You need to find the smallest beautiful integer y, such that y≥x.
Input
The first line of input contains two integers n,k (2≤n≤200000,1≤k<n): the number of digits in x and k.
The next line of input contains n digits a1,a2,…,an (a1≠0, 0≤ai≤9): digits of x.
Output
In the first line print one integer m: the number of digits in y.
In the next line print m digits b1,b2,…,bm (b1≠0, 0≤bi≤9): digits of y.
Examples
inputCopy
3 2
353
outputCopy
3
353
inputCopy
4 2
1234
outputCopy
4
1313
The meaning of problems: Given a sequence of a length of n, a value of x, let you construct a sequence of b satisfies b [i] = b [i + k], the value of y, y> = x, and y minimum.
Analysis: for n bits 99 ... 999 must be optimal, so the length of the determined positive or y n!

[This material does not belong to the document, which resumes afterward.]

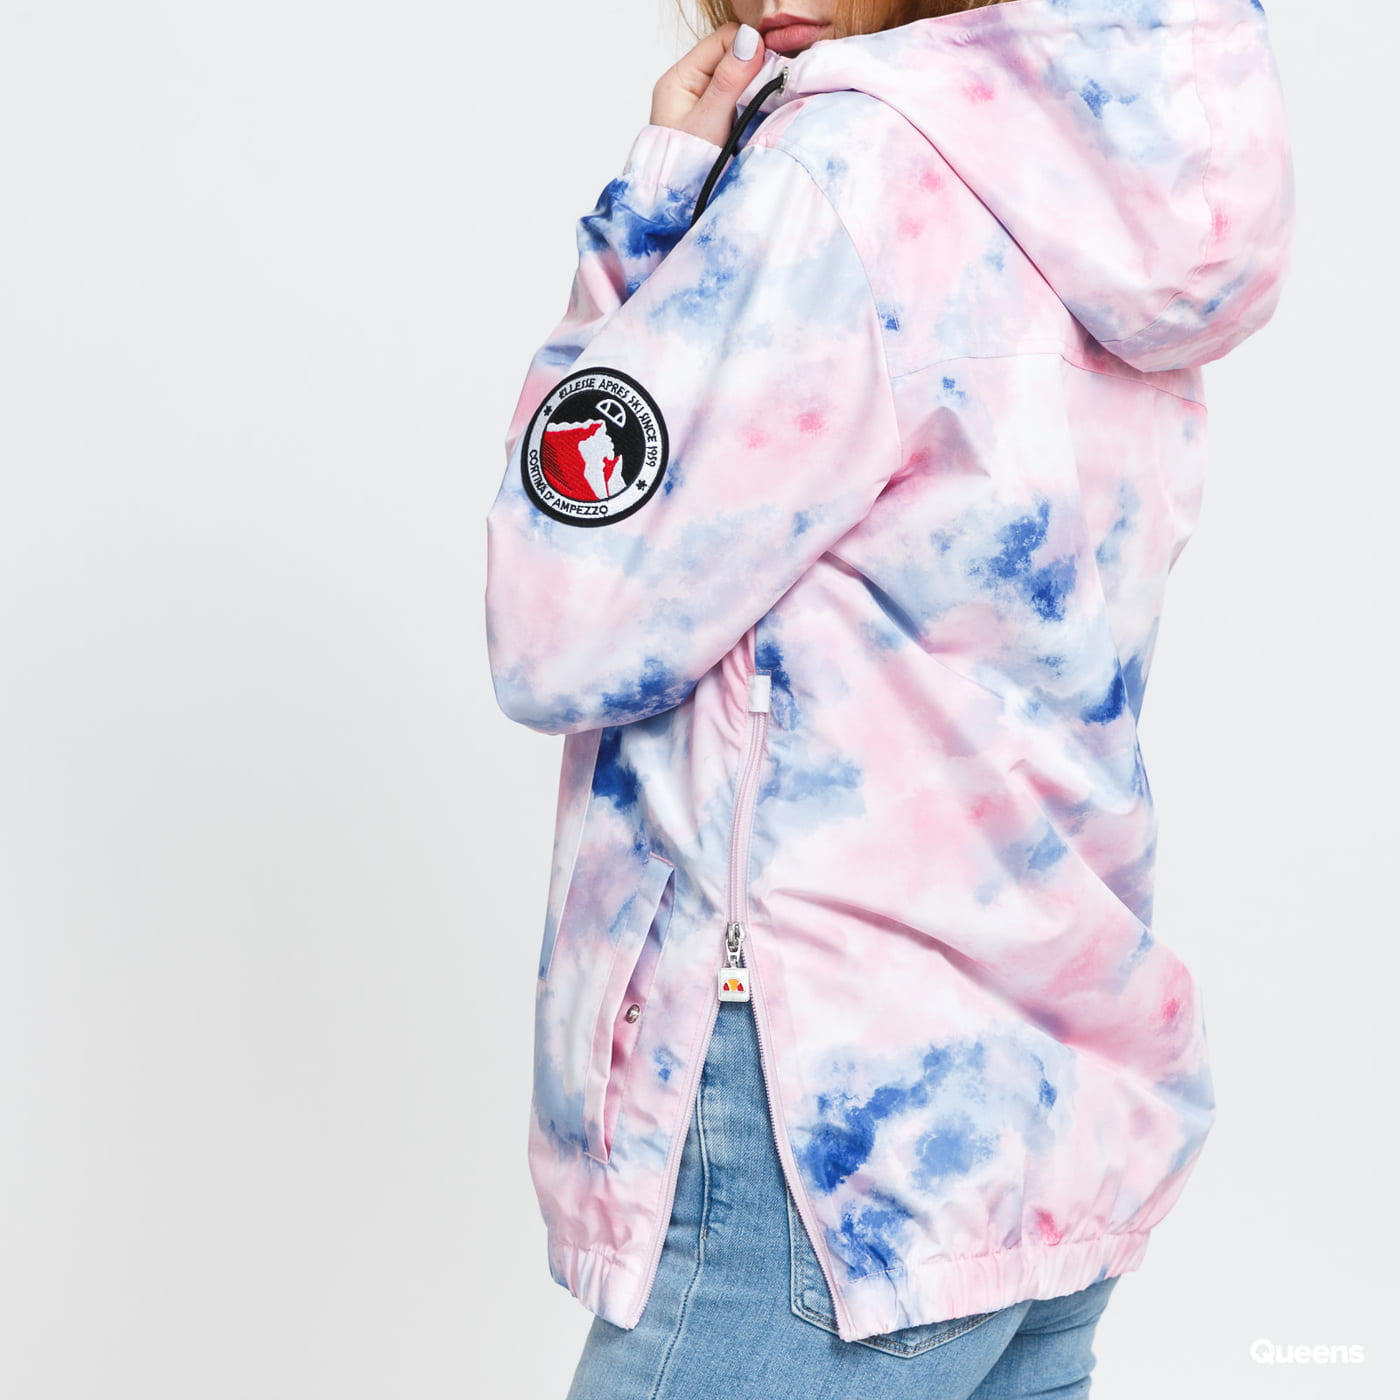 ellesse Montez Tie Dye Jacket pink / navy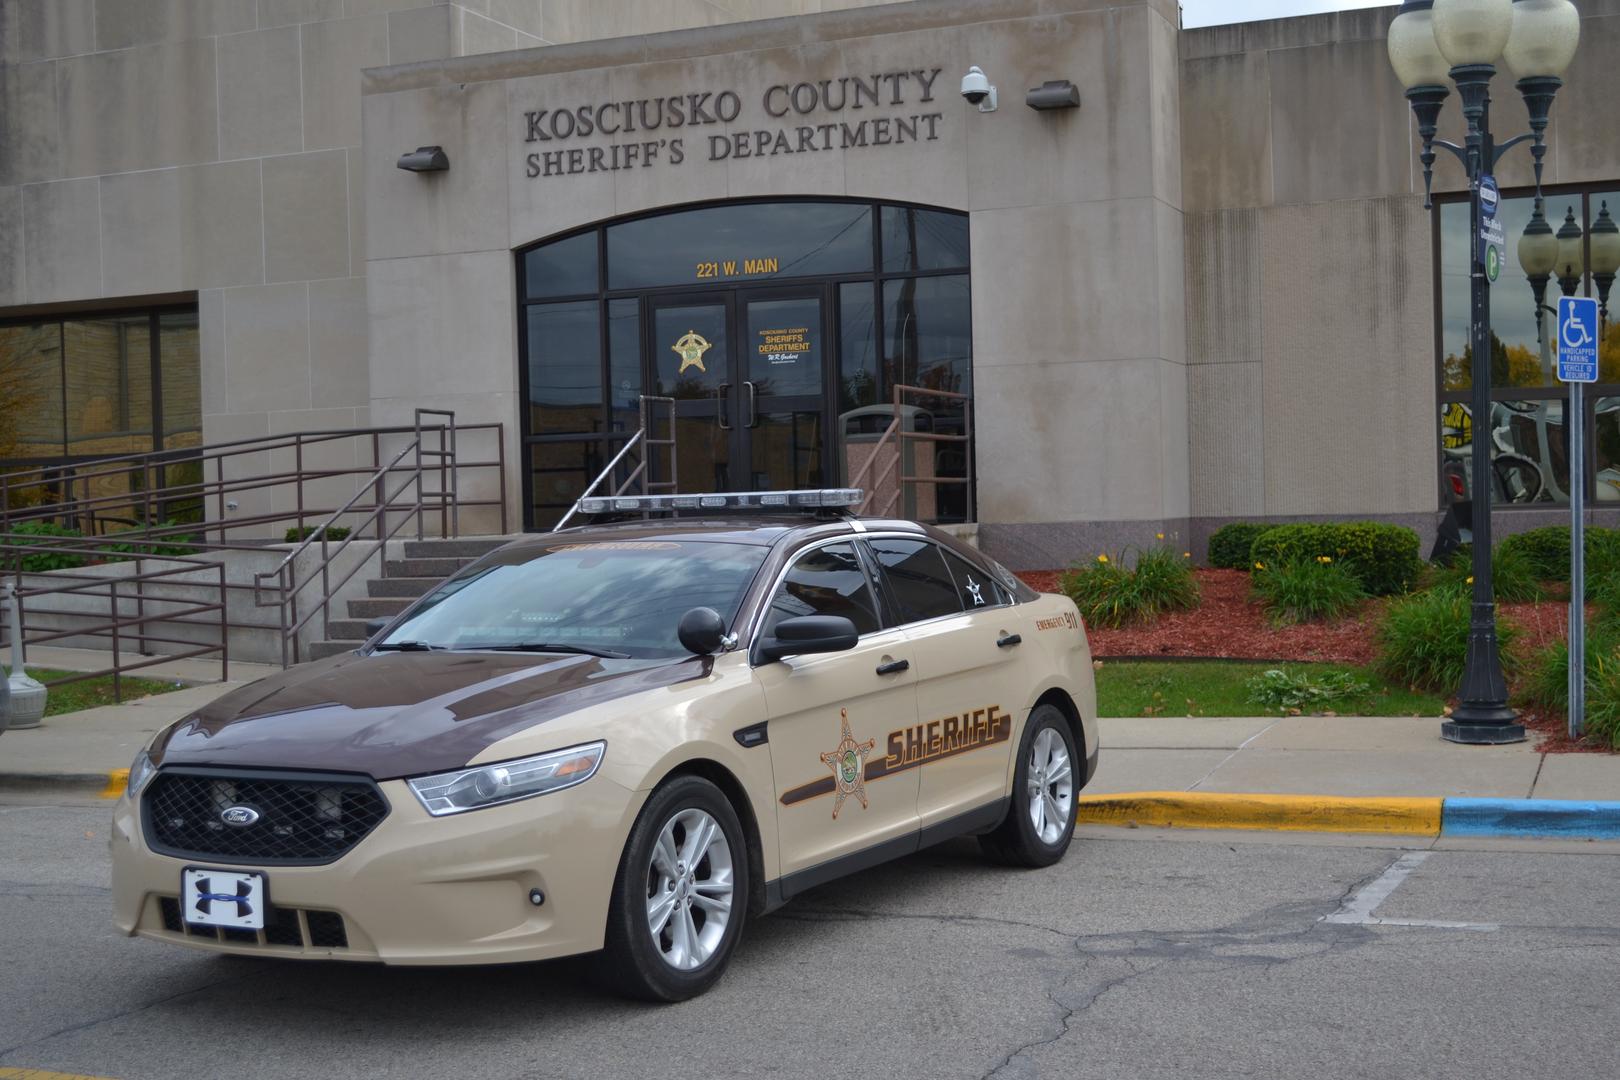 Indiana kosciusko county syracuse - Indiana Sex Offender

We can give the k-1 bits +, thus can form the minimum optimal solution and> = x. but before that we will have two things to occur.
The first is the optimal solution in itself.
The second is that we repeat the previous k bits, whether resulting y> = x such as greater is the answer we need.
The third is beginning to talk about, but also subdivided two kinds.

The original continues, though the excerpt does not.